== WHAT YOU NEED TO DO ==
Keep the pictures out. Copy every line of the listing exactly.

== INPUT DATA ==

★ ★ ★ ★

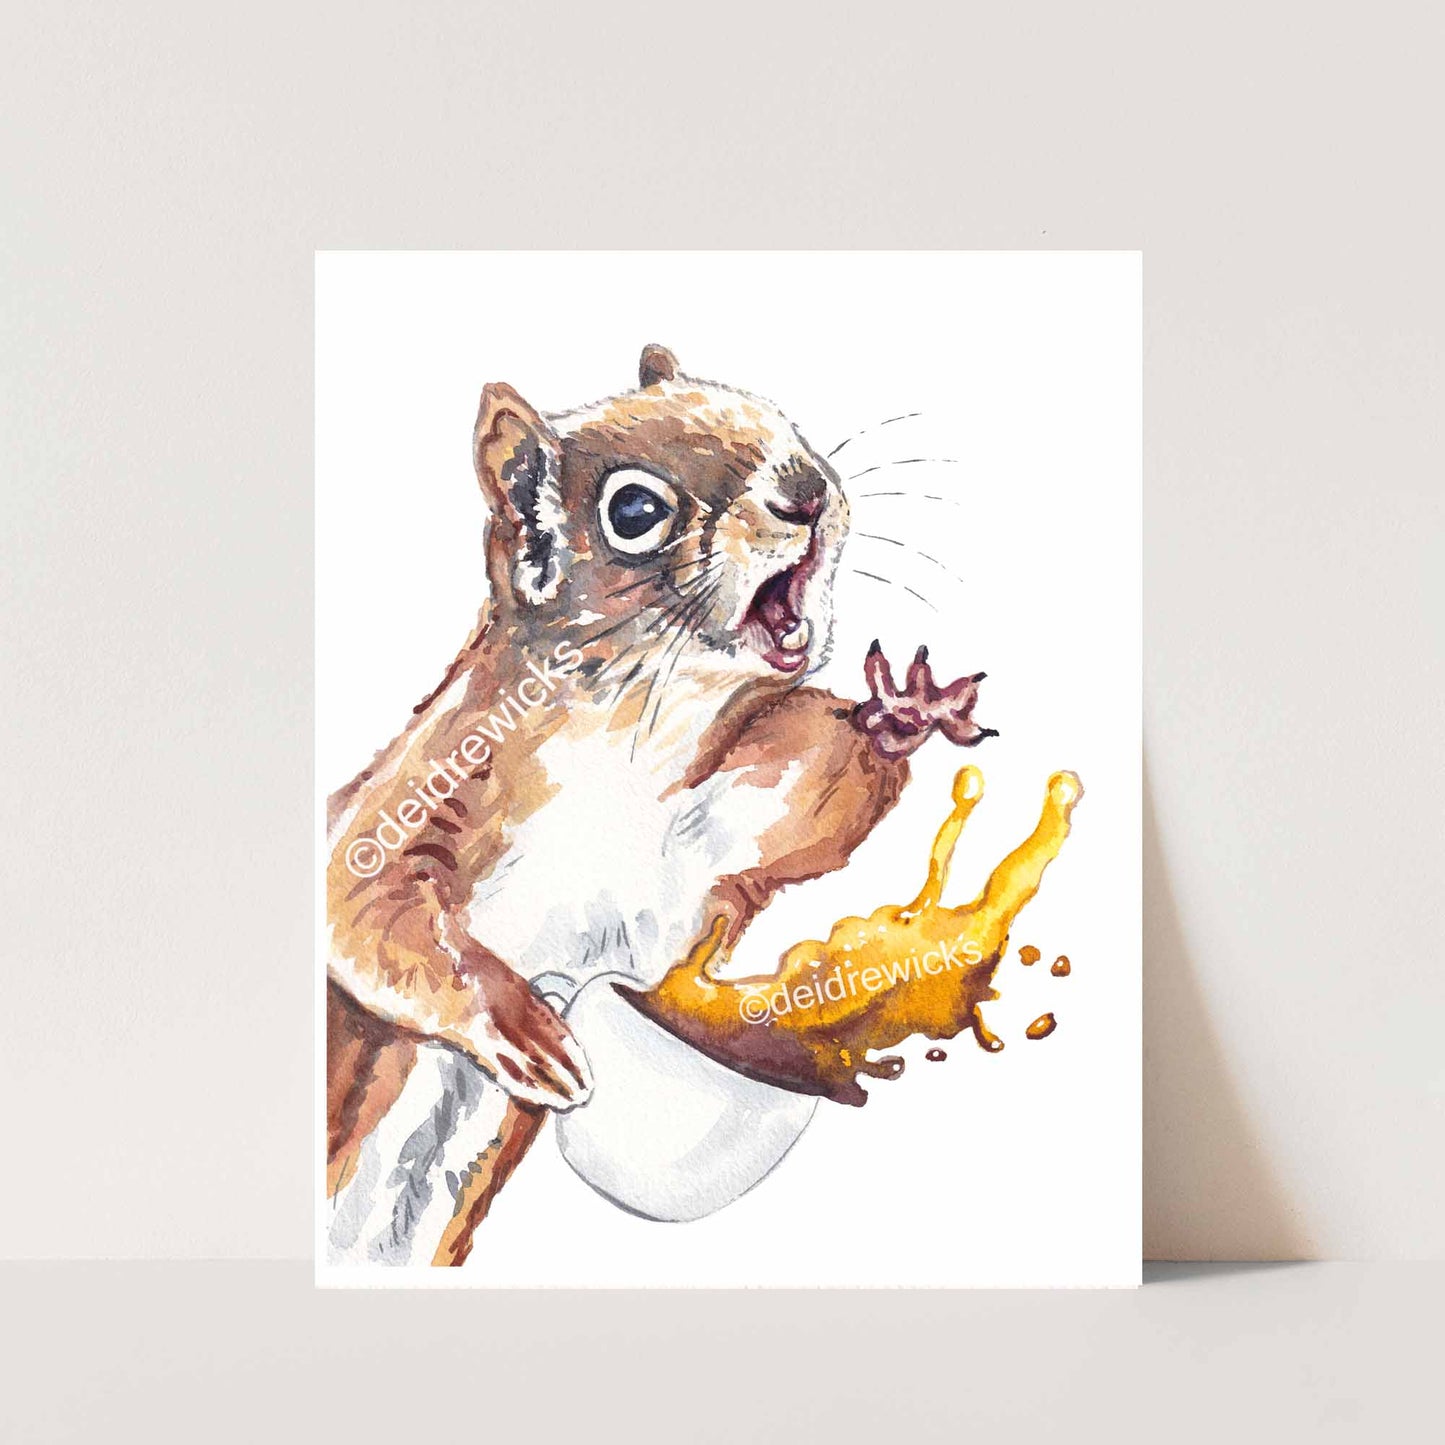 Squirrel watercolour print featuring the moment a cup of coffee is spilled. Illustration by Deidre Wicks
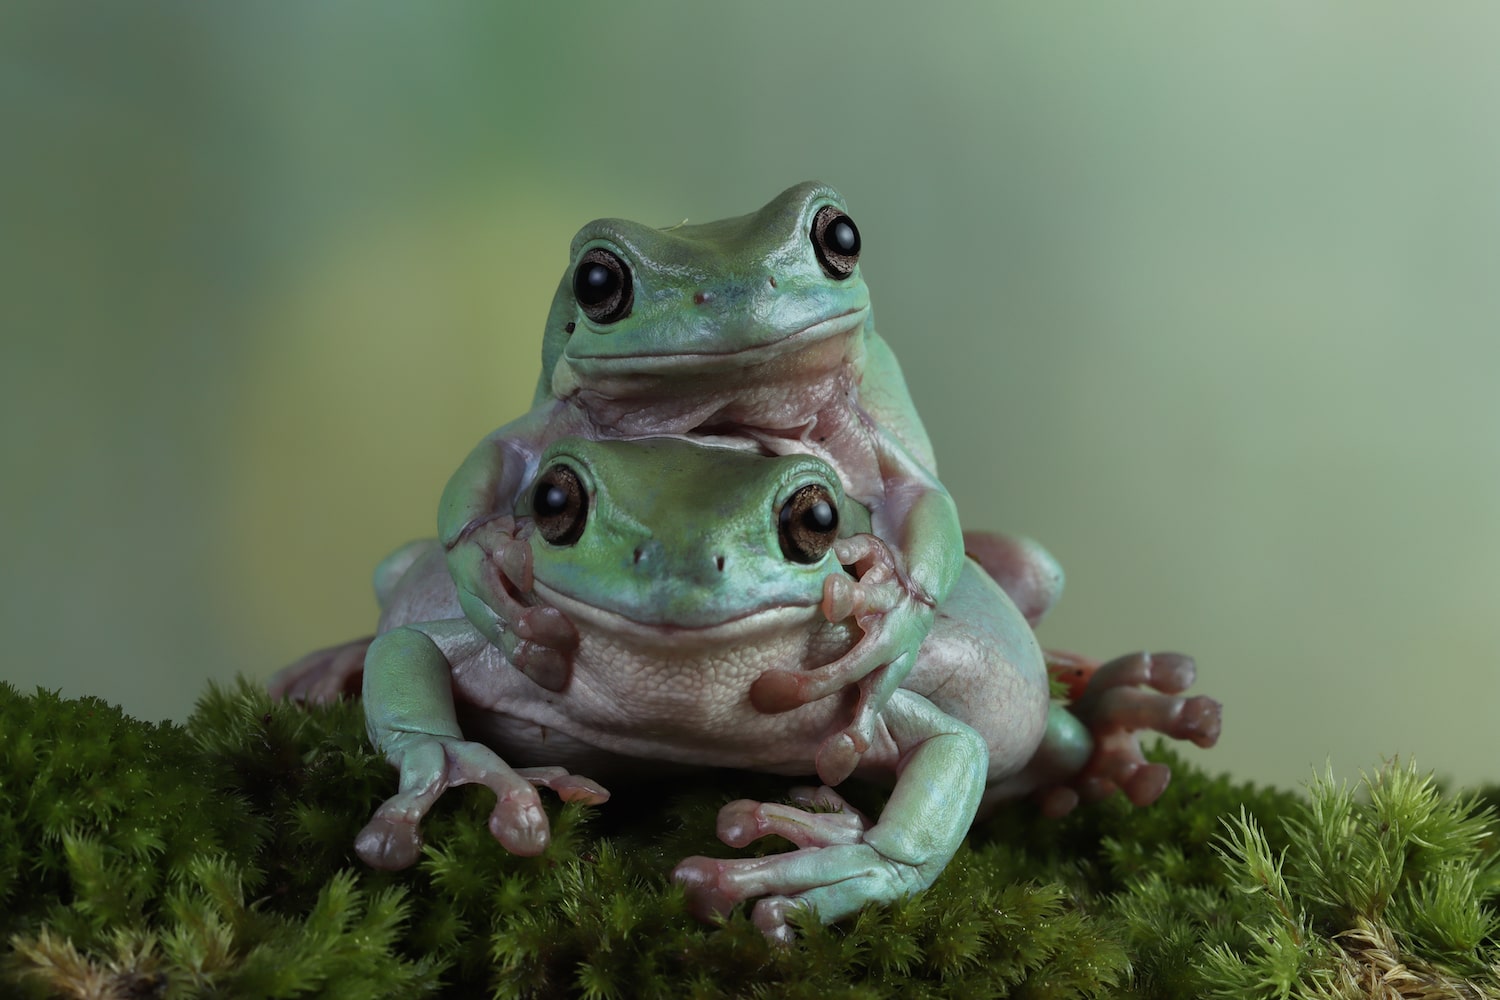 two adorable Litoria caerulea tree frogs that are a light green color sit nestled on top of each other on moss and branches
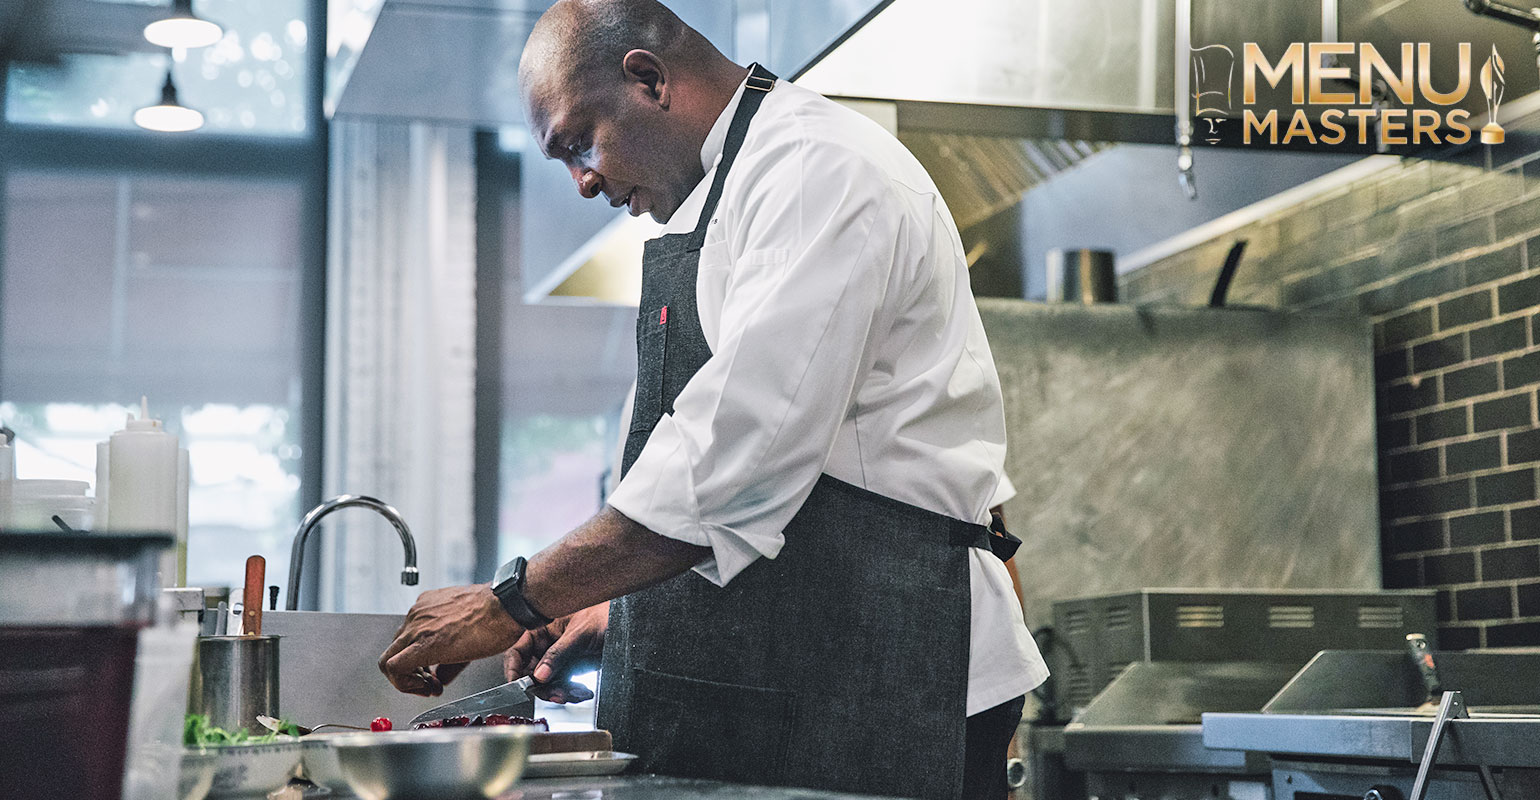 Chef/Restaurateur Erick Williams Keeps Virtue at the Center
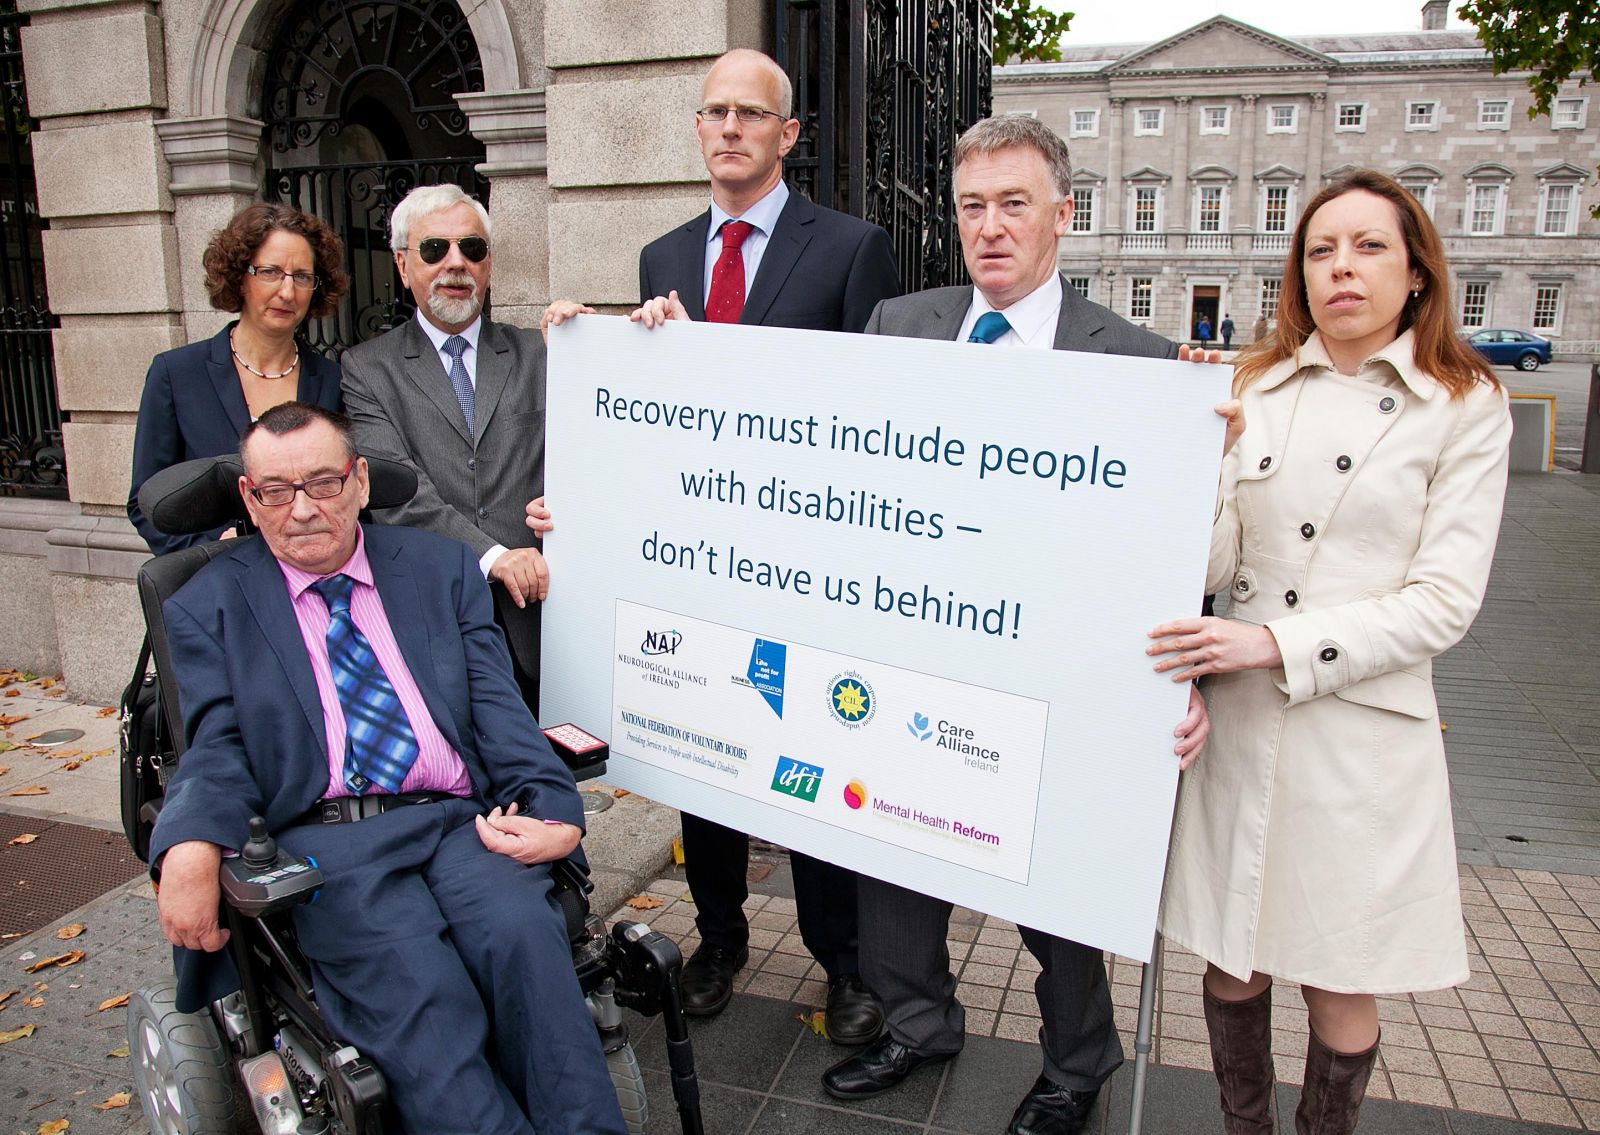 Sign stating: Recovery must include people with disabilities - don't leave us behind: held by Michael McCabe: Center for Independent Living, Shari McDaid : Mental Health Reform, Des Kenny : Not for Profit Business Association, Liam O'Sullivan : Care Alliance Ireland, John Dolan : Disability Federation of Ireland, Mags Rogers : Neurological Alliance of Ireland

★ ★ ★ ★

== EXERCISE RESULT ==
 Squirrel watercolour print featuring the moment a cup of coffee is spilled. Illustration by Deidre Wicks
 two adorable Litoria caerulea tree frogs that are a light green color sit nestled on top of each other on moss and branches
 Chef/Restaurateur Erick Williams Keeps Virtue at the Center
 Sign stating: Recovery must include people with disabilities - don't leave us behind: held by Michael McCabe: Center for Independent Living, Shari McDaid : Mental Health Reform, Des Kenny : Not for Profit Business Association, Liam O'Sullivan : Care Alliance Ireland, John Dolan : Disability Federation of Ireland, Mags Rogers : Neurological Alliance of Ireland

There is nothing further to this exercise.